Меч Константина
Шрифт:
Тут как раз из лесной гугукающей темноты вышел Кир — руки в карманах, глаза на стреме. Первым его заметил Фашист и заорал дурным голосом: — Вот он, Лехин спаситель! Качать его, ребята!
Увернуться Кир не успел. Его подхватили и с воплями начали подкидывать в воздух. Взлетал он высоко и, перекувыркиваясь, кричал, чтоб отпустили. Больше всех радовался за подопечного Паша, он же и размашистее всех подбрасывал героя.
Потом, за ужином у костра, командир спросил Кирюху:
— Ты где научился так машину водить?
— Там же, где и утонять, — с набитым ртом ответил Кир и заухмылялся, довольный.

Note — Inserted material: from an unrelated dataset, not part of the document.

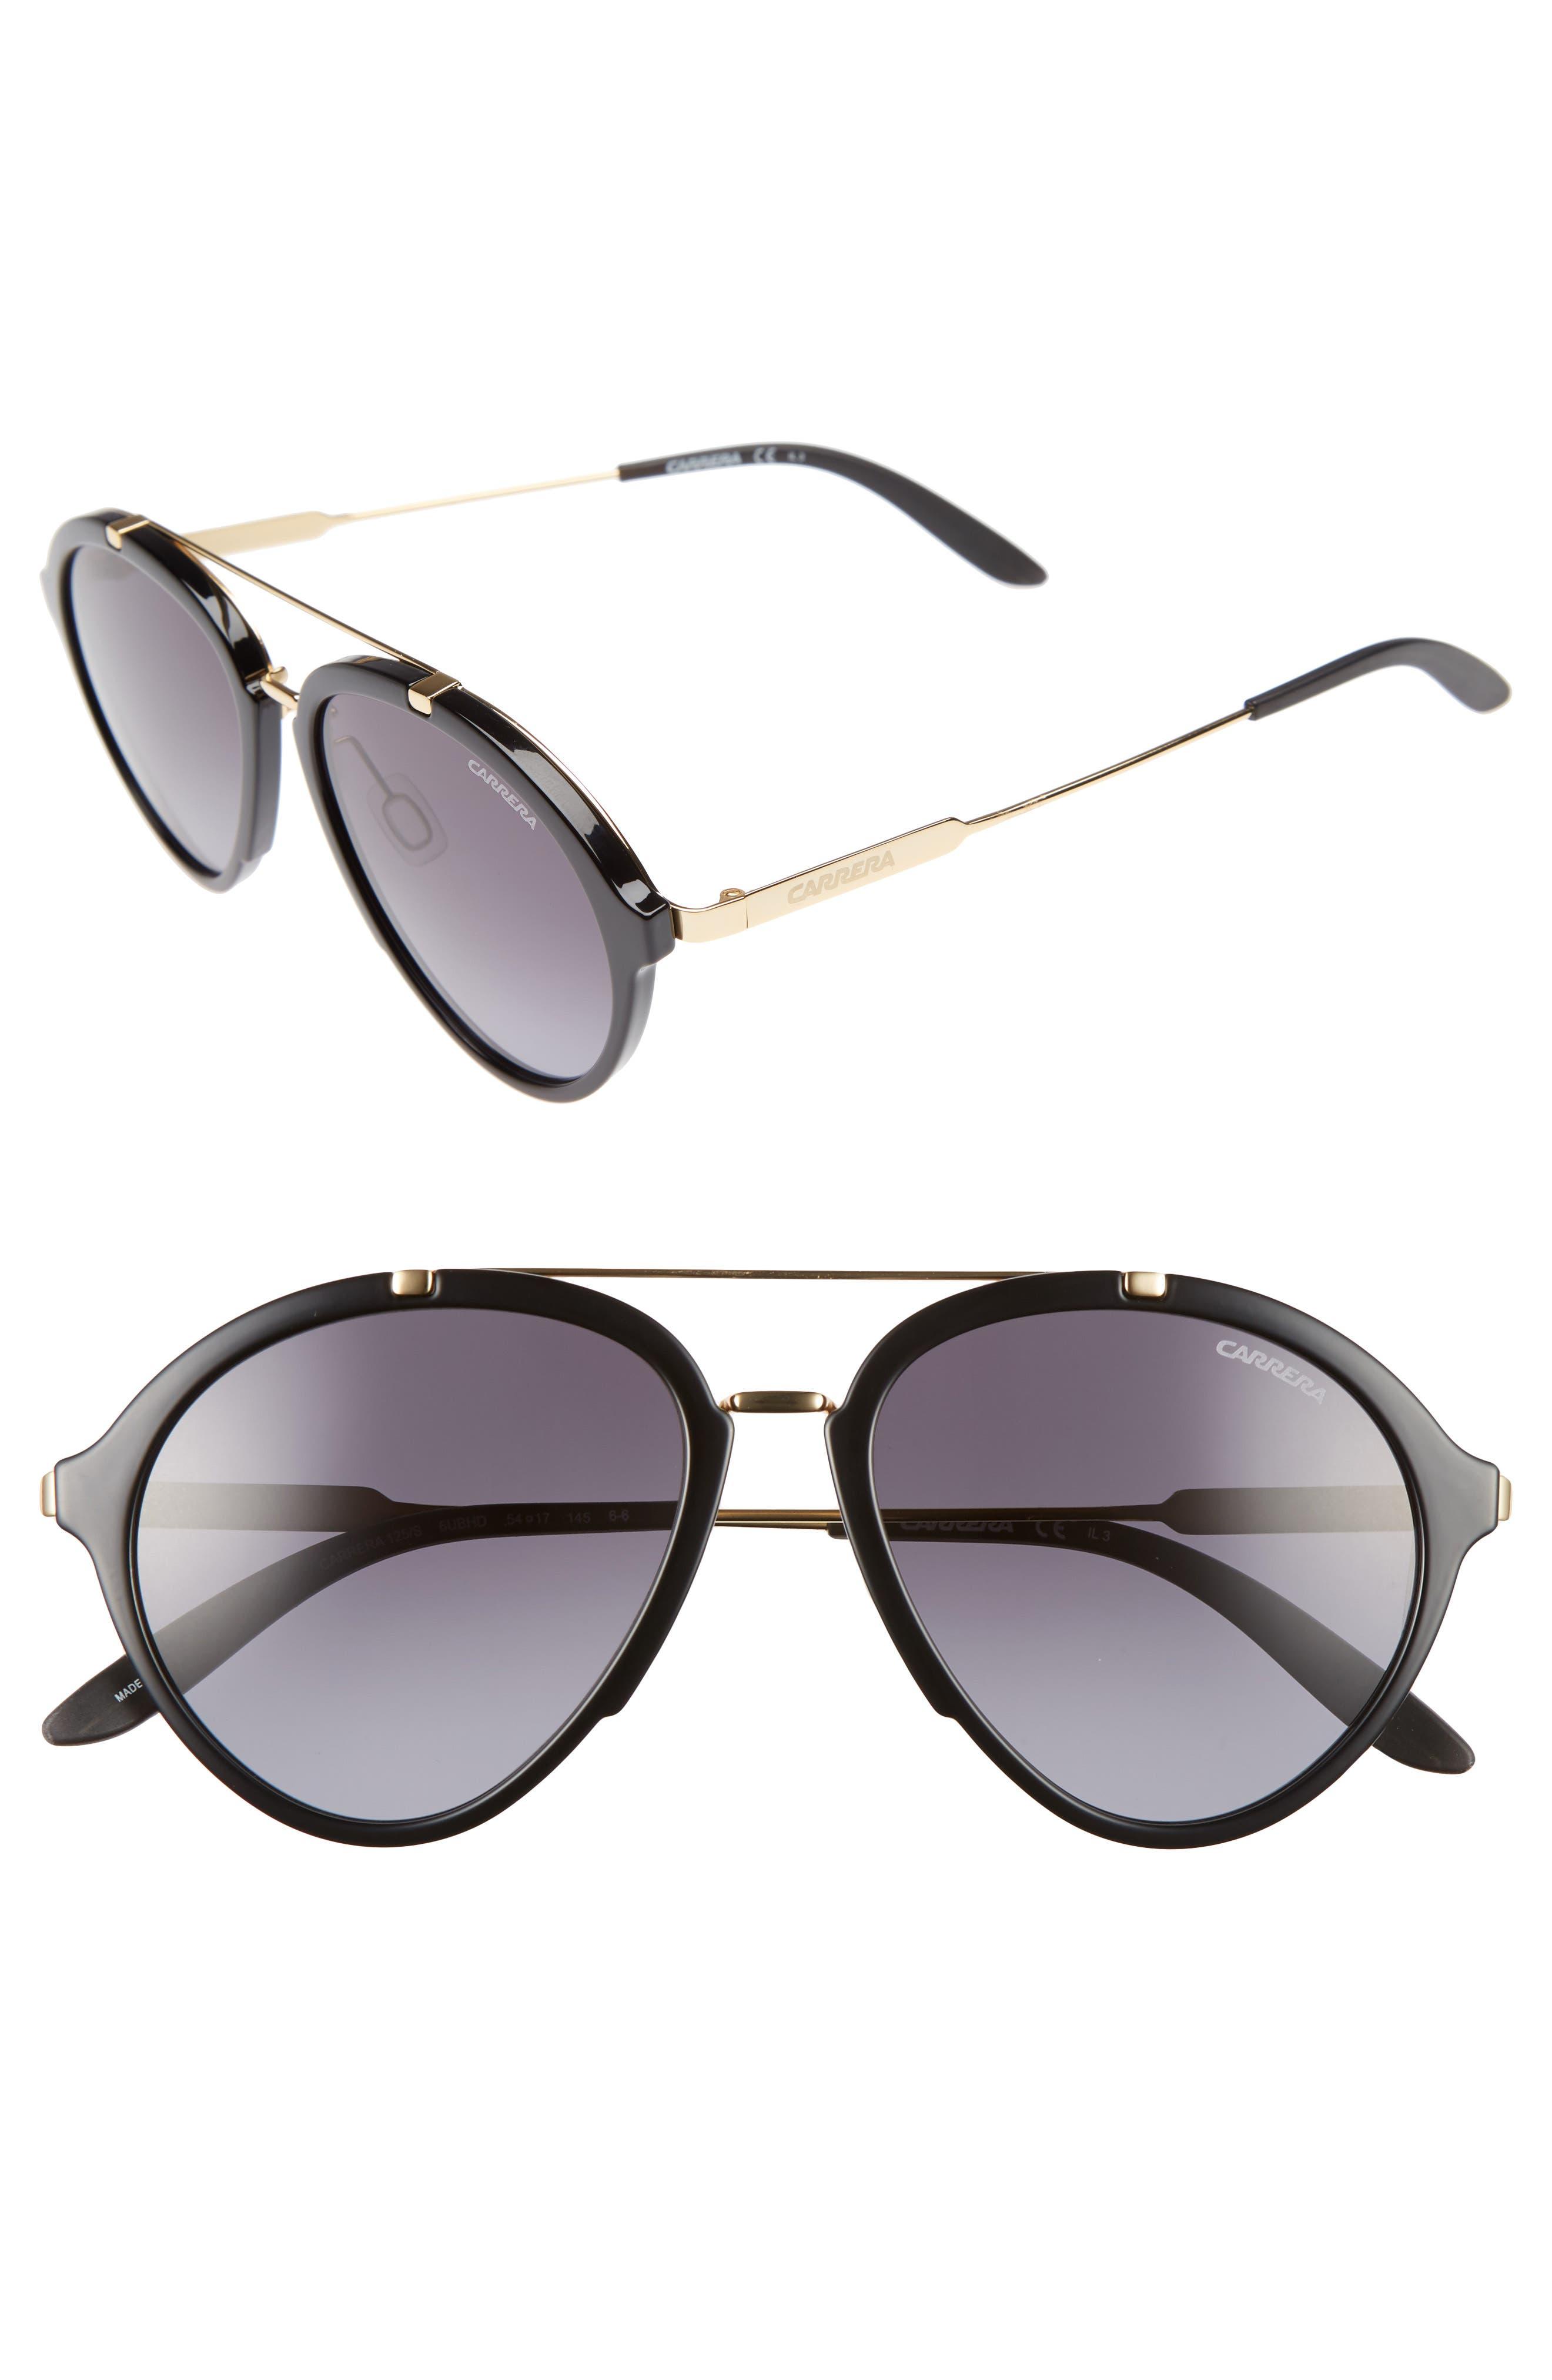 54mm Gradient Aviator Sunglasses,                         Main,                         color, 001
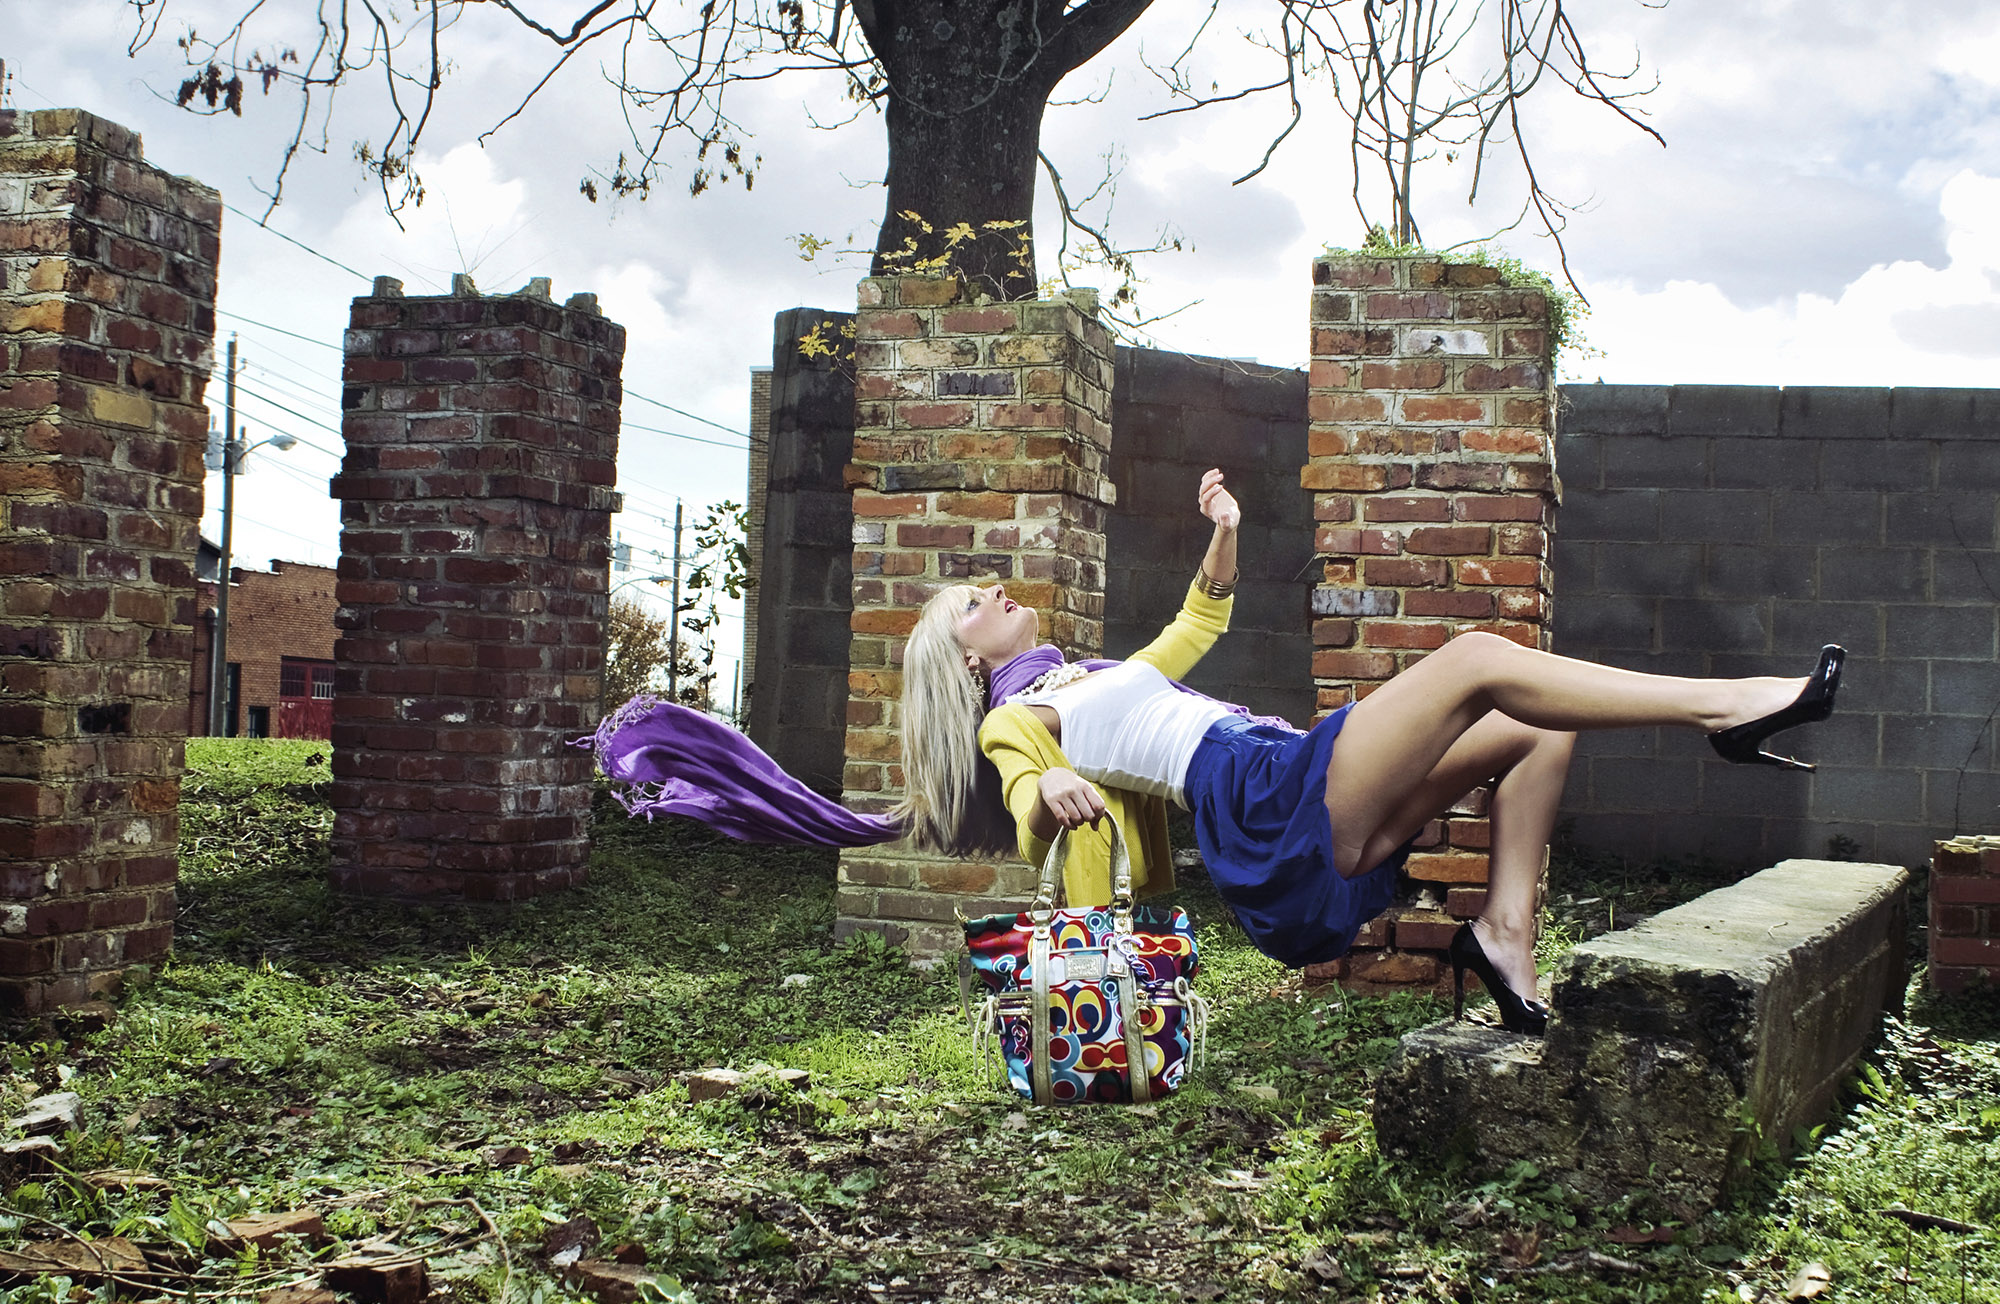 shane_deruise_photography_coach_fashion_editorial.jpg

— Школа жизни, — развел руками Монах.
— Молоток, сообразительный парень, — одобрил Серега, Мне нравилось смотреть на него во время еды — казалось, что он жует ушами, двигавшимися в такт челюстям.
— Ага, — откликнулся
А Леха сказал:
— Теперь я тебе должен.
— Обойдусь, — небрежно бросил Кир. — Дураков на свете много, если каждый будет должен, проблем не оберешься.
Вокруг костра пошла цепная реакция сдержанного хрюканья. Фашист так и вовсе откатился в сторонку, чтобы поржать вволю. Леха, наверное, обиделся и хотел уйти, но Серега его удержал, что-то сказав.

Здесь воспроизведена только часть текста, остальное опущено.